#### SUPPLIED MATERIAL
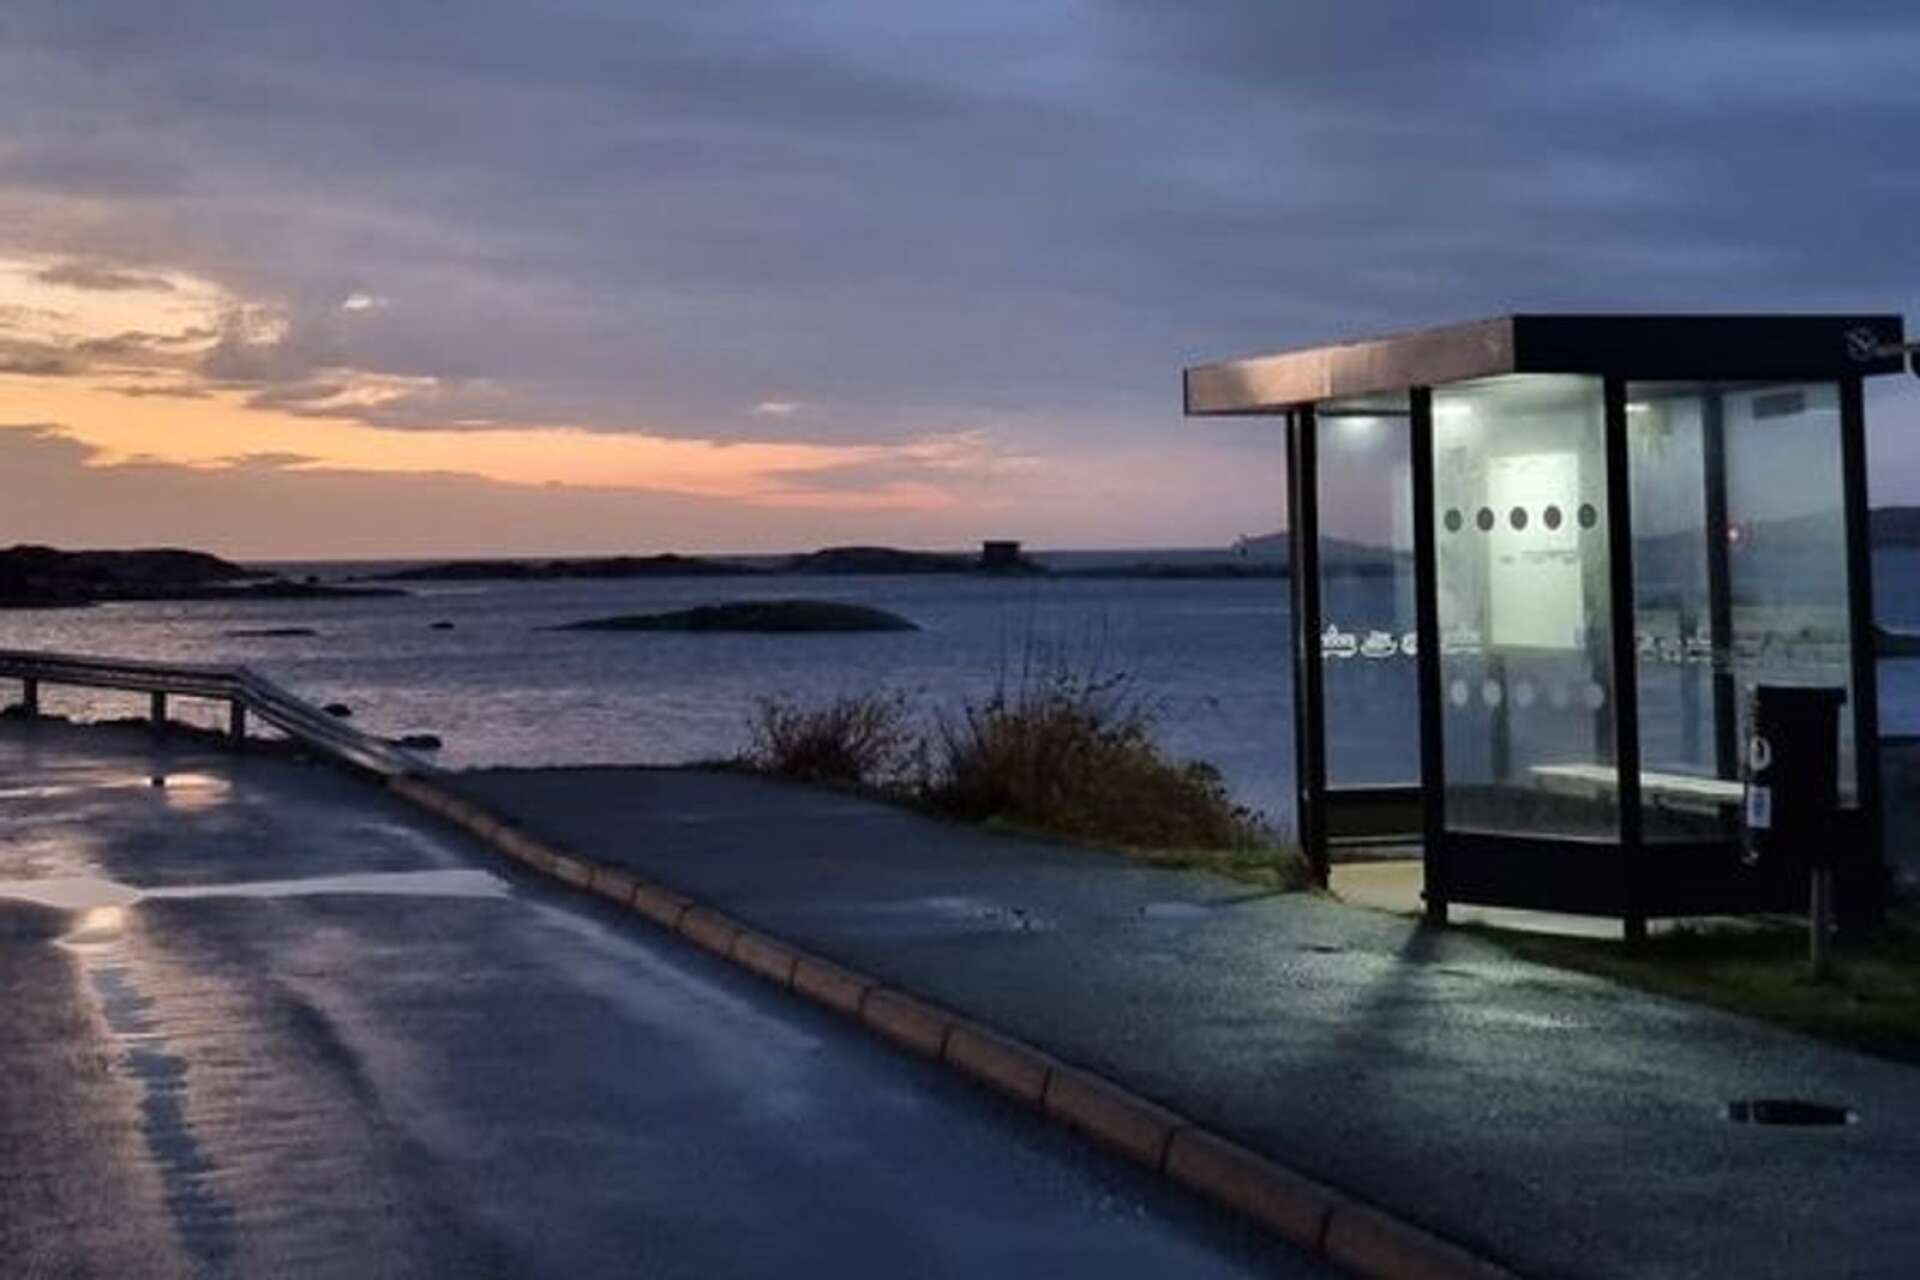 Det vinnande bidraget skickades in av Christina Ivarsson. Det visar hållplatsen Fotö i Öckerö kommun. Bilden visar hållplatsen med hav, moln och klippor i bakgrunden. 
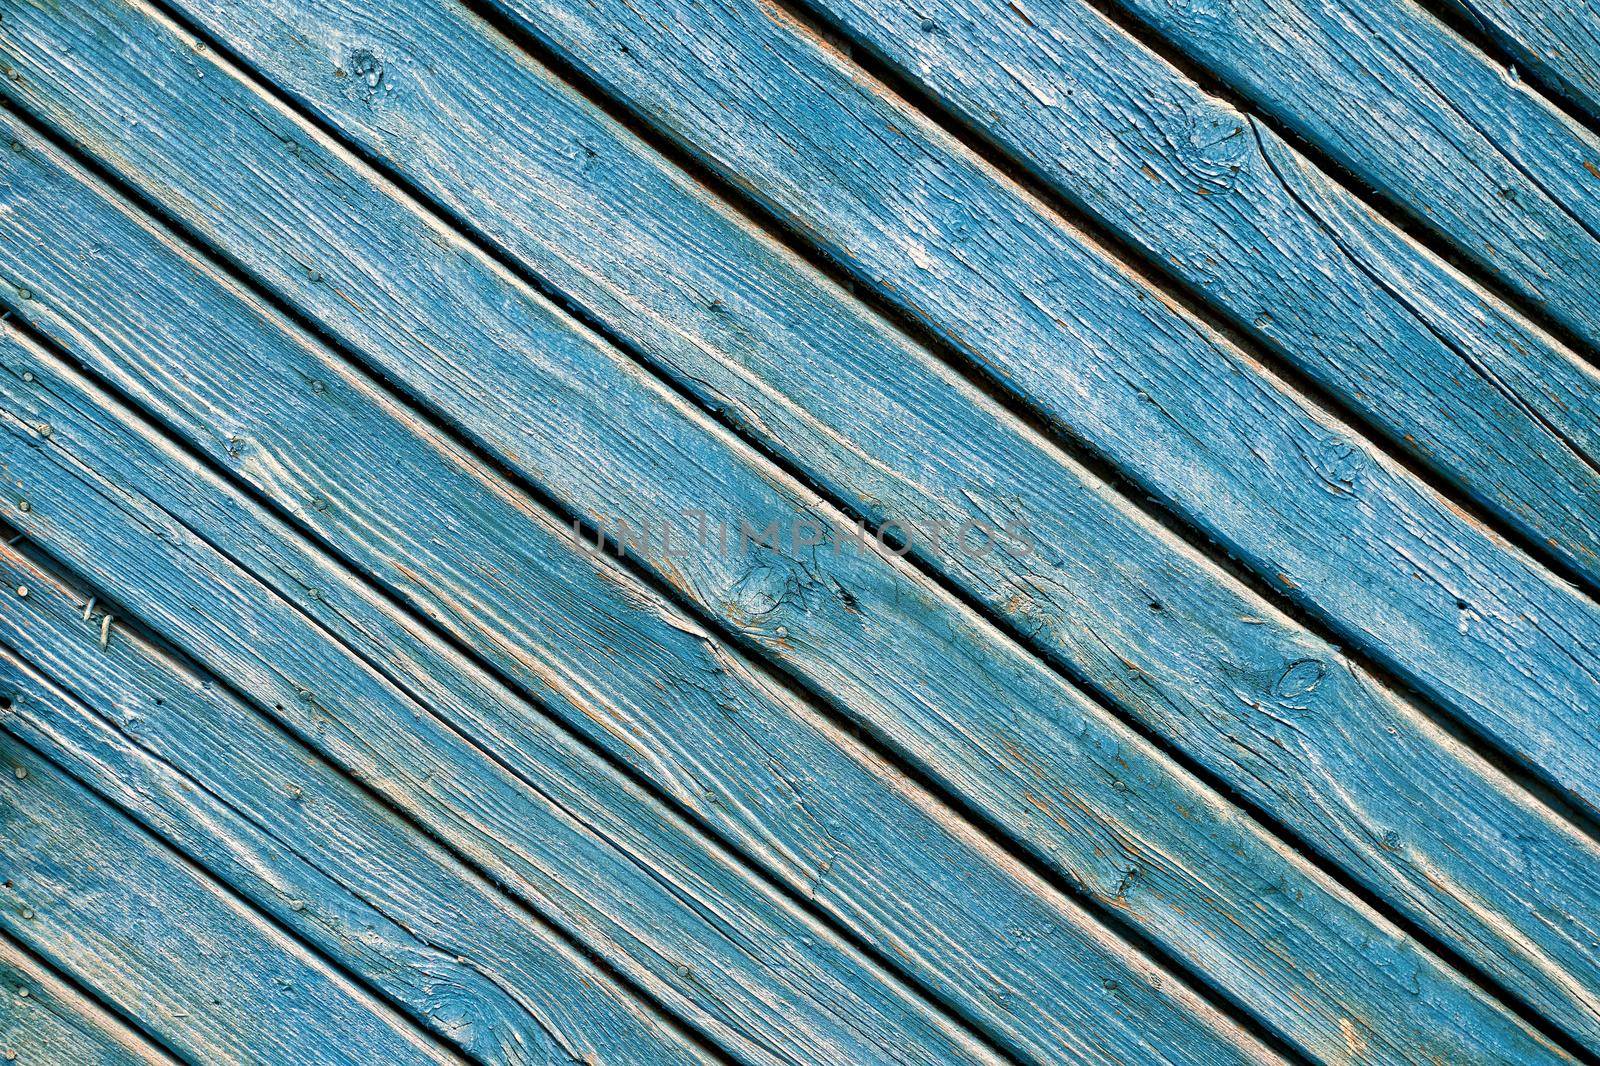 Retro blue wooden door textured background
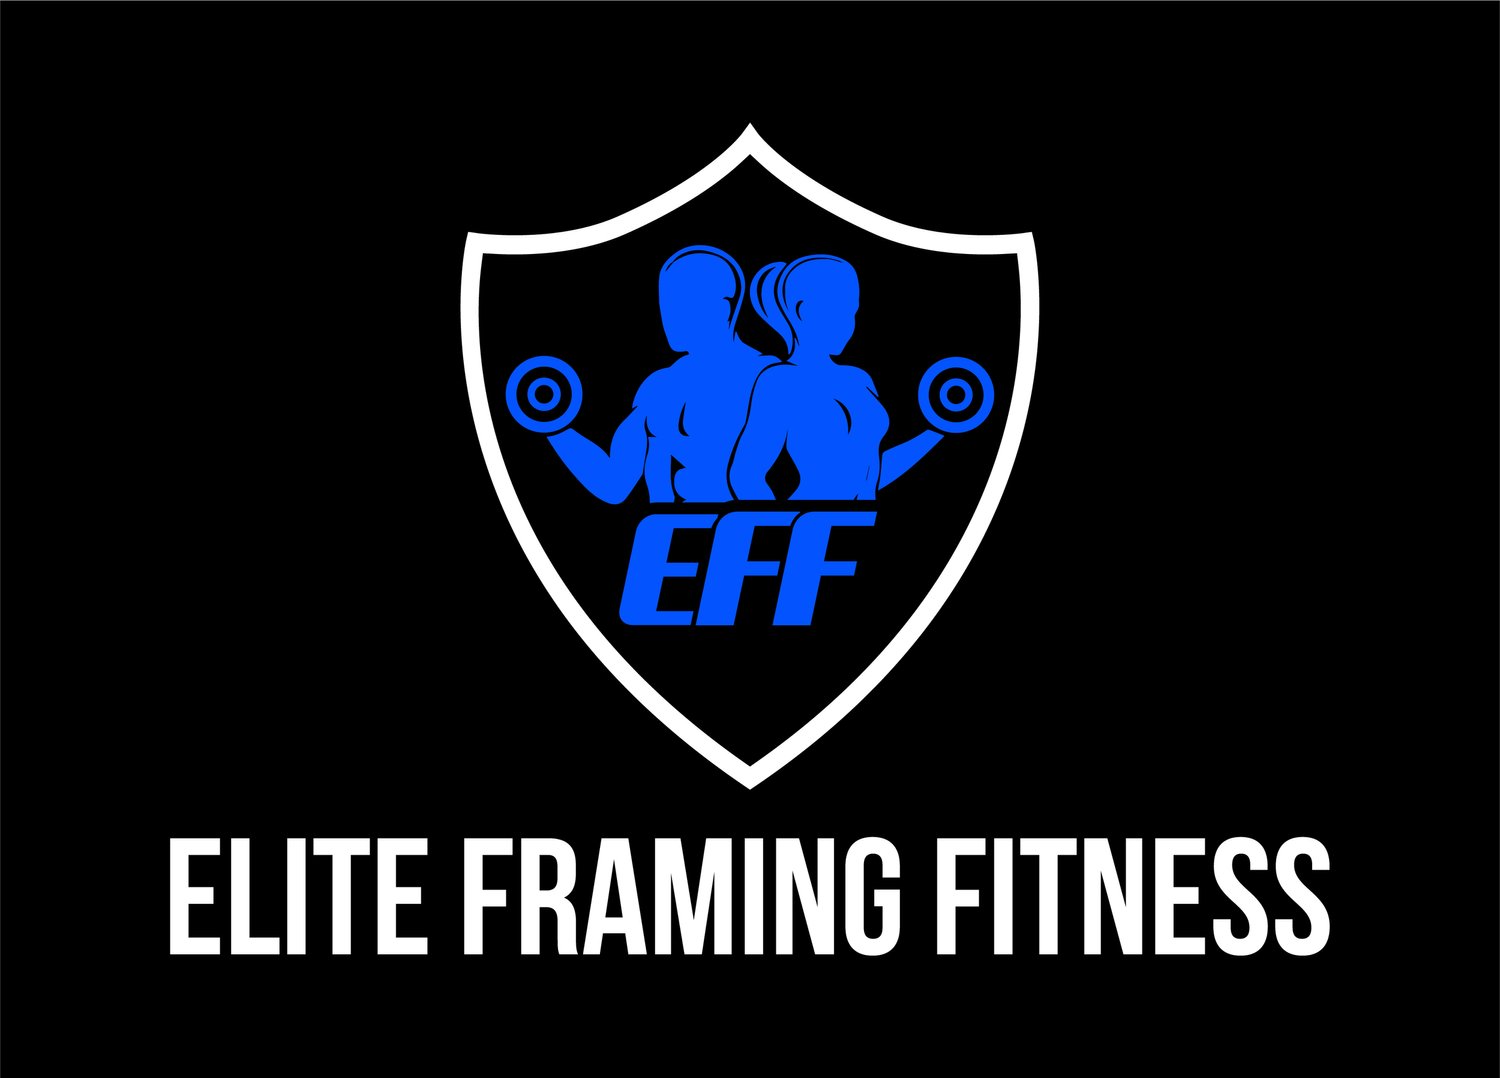 Elite Framing Fitness

#### EXERCISE DETAILS
Find the line holding "Retro blue wooden door textured background" in the data above. Retype it and every later line exactly, through the end, but not the pictures.

#### THE COMPLETED TASK
 Retro blue wooden door textured background
 Elite Framing Fitness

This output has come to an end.